I have a new heavly planted 30 Gal tank being filtered with an ehiem 2028 which is a bit of over kill. I was thinking of putting Black phantom tetras in it. Do you think they will be ok since I have a fairly high current in the tank. If not any suggestions?


----------



## greenfish (Mar 7, 2005)

Hillstream Loaches?


----------



## bratyboy2 (Feb 5, 2008)

i like the green swordtails they would be very natural in the tank.
how about some barbs or maybe some larger rainbows.

good luck


----------



## JanS (Apr 14, 2004)

Wow, that's a super filtered tank... LOL!

Another fish that likes a lot of current is the glass catfish (Kryptopterus bicirrhis), so that would be an option too.


----------



## Six (May 29, 2006)

loaches and rainbows, hands down IMO 

or go collect some darters, though they prefer cooler water.


----------



## lauraleellbp (Jan 31, 2008)

www.FranksAquarium.com usually has an excellent selection of riverine loaches, and a really good reputation as good online source for fish.


----------



## methodica (May 15, 2007)

I went with rumming noses and one peppered cory.
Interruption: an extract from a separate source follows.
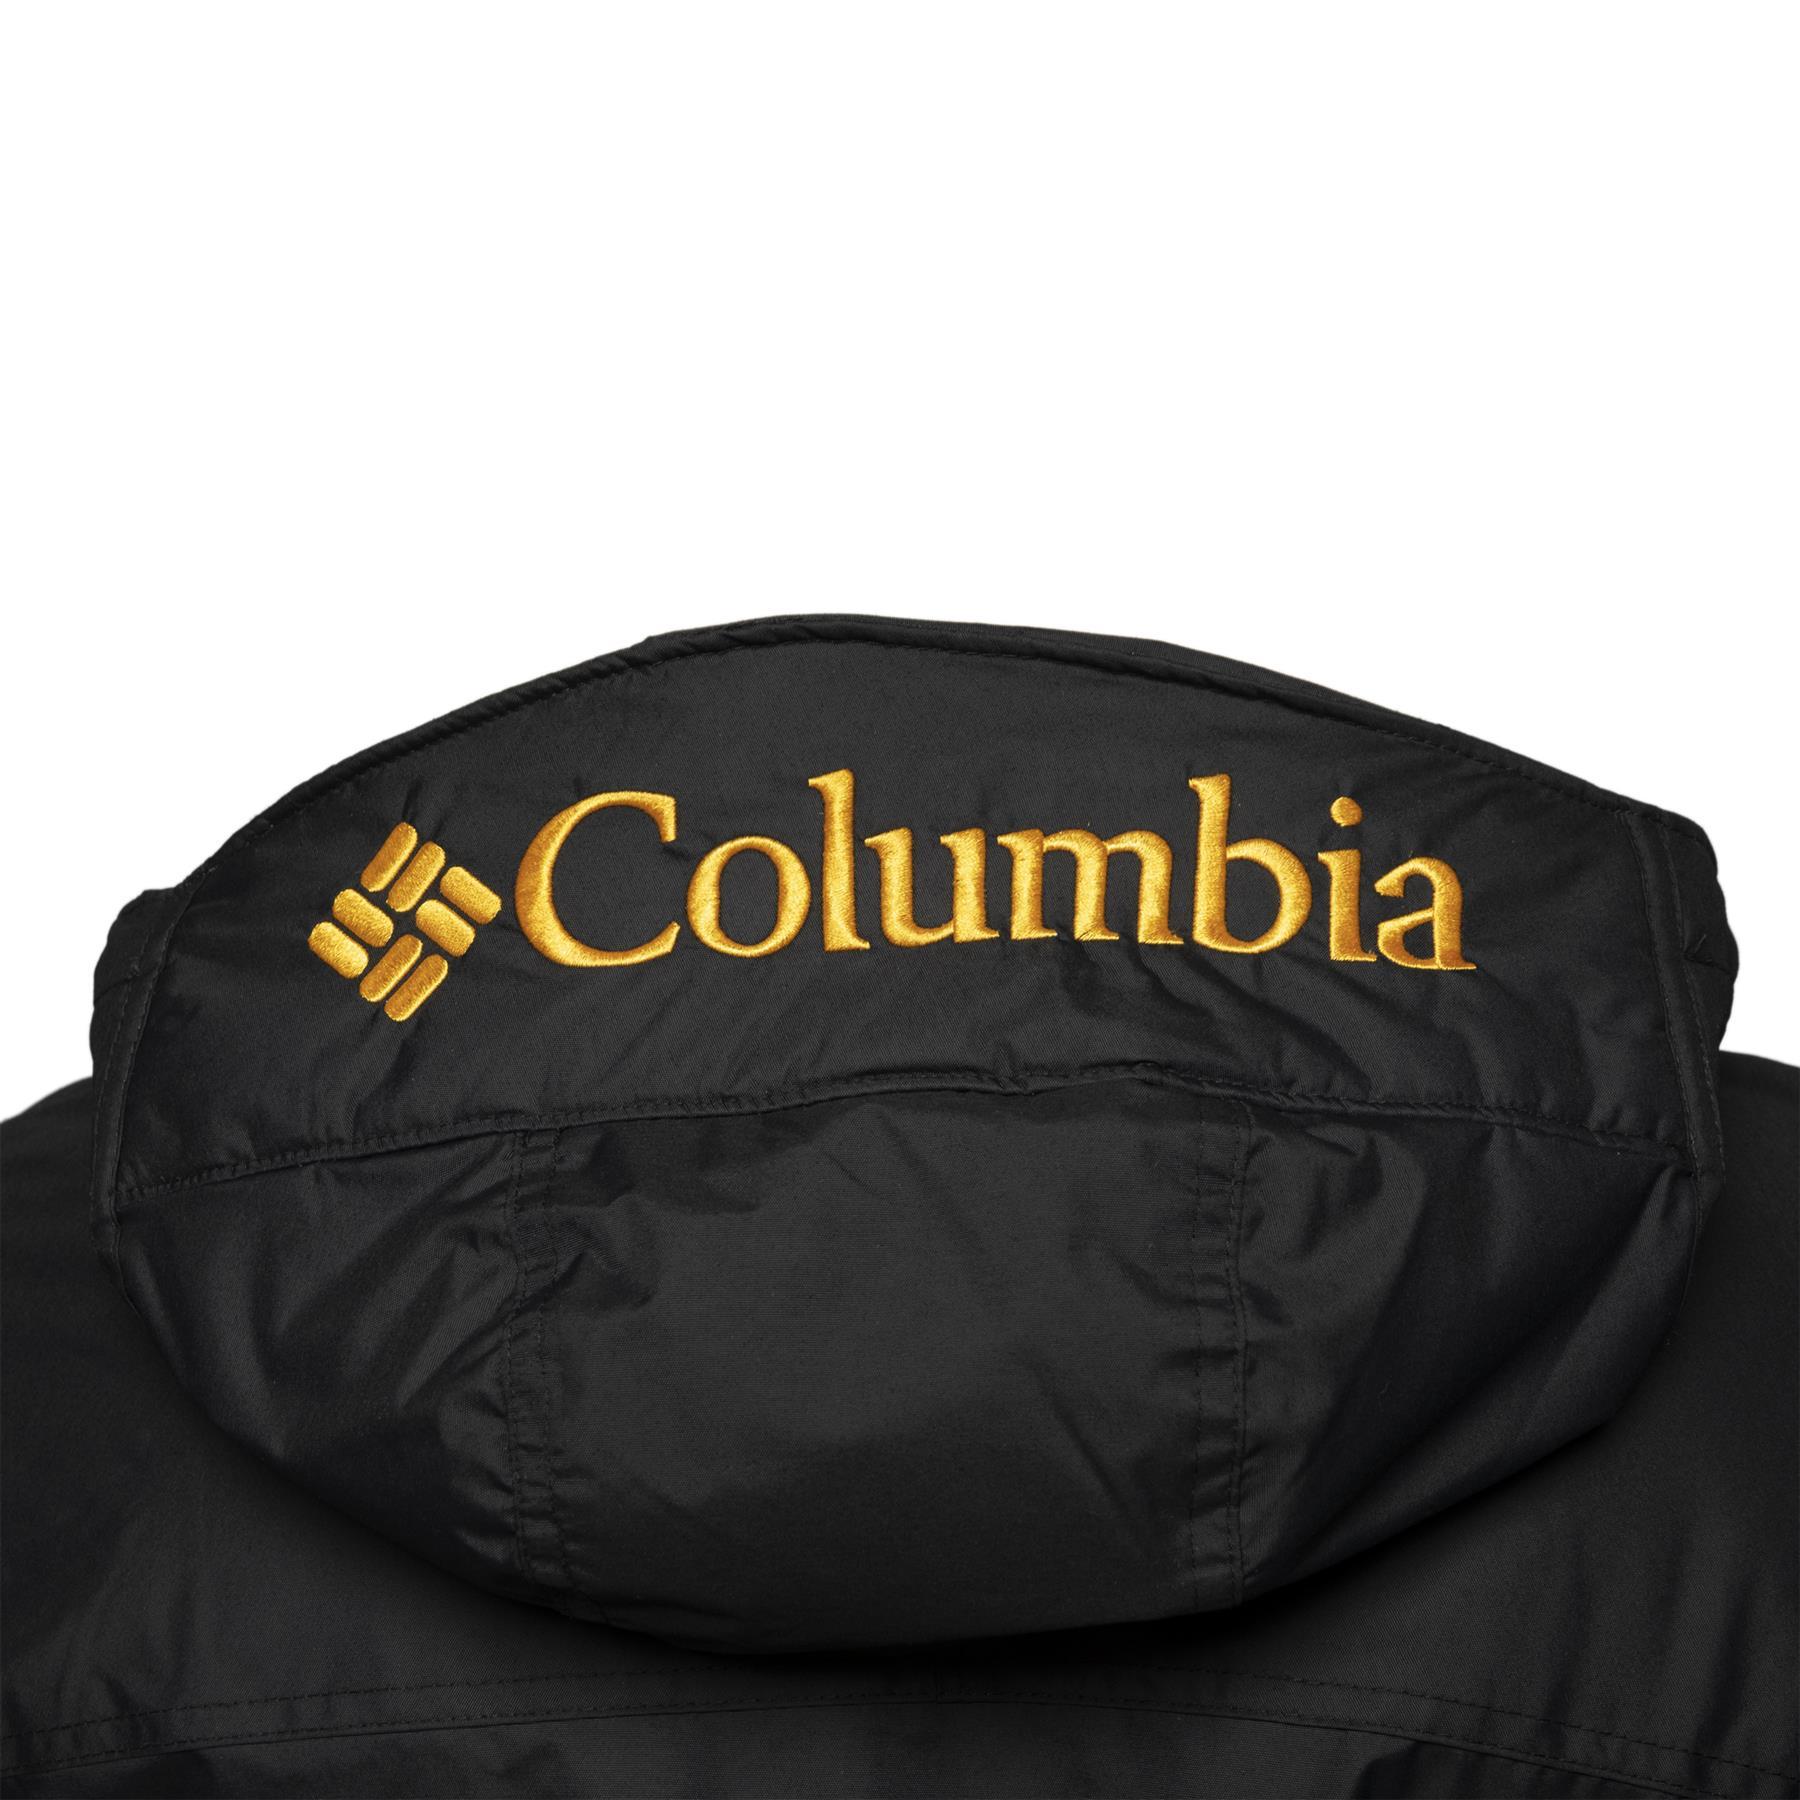 Columbia-Challenger-para-Hombres-Chaqueta-De-Invierno-Cazadora-Jersey-Todas-Las-Tallas-S-M-L-XL miniatura 3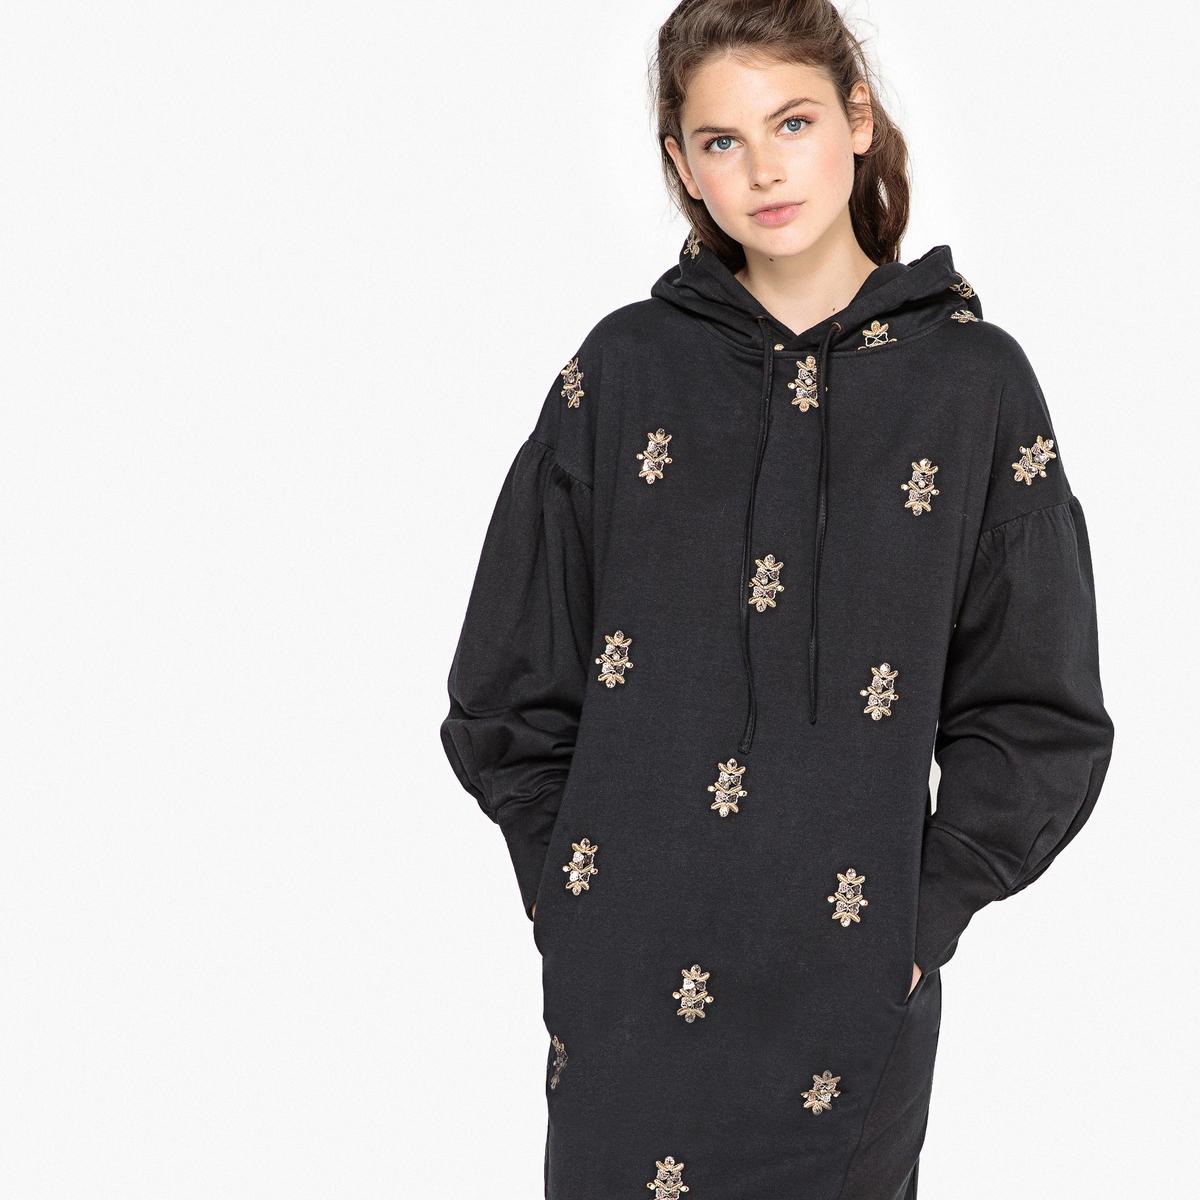 Платье-свитшот La Redoute С капюшоном и вышивкой 34 (FR) - 40 (RUS) черный платье la redoute радужное estelle 36 fr 42 rus черный

I carved out 3x more holes in my spray bar so It slowed the current a bit in the tank. Its still pretty fast but we will see how it goes.


----------



## Muirner (Jan 9, 2007)

isnt there a gate that you can close a little bit like the Rena XP# series has?


----------



## ray-the-pilot (May 14, 2008)

My Oto cats love the current and part of their mating behavior is swimming upstream against the current.


----------



## mikaila31 (Feb 24, 2006)

I have a 55gal that has a rena xp3 on it. I use to run it wide open, my rummy nosed tetras and rainbows never had a problem with it.


----------



## armyoffoo (Dec 28, 2007)

Dwarf Chain Loaches, these guys are awesome and stay small, ~2.5"

A group of 7-10 would be great in that tank.

http://www.loaches.com/species-index/yasuhikotakia-sidthimunki


----------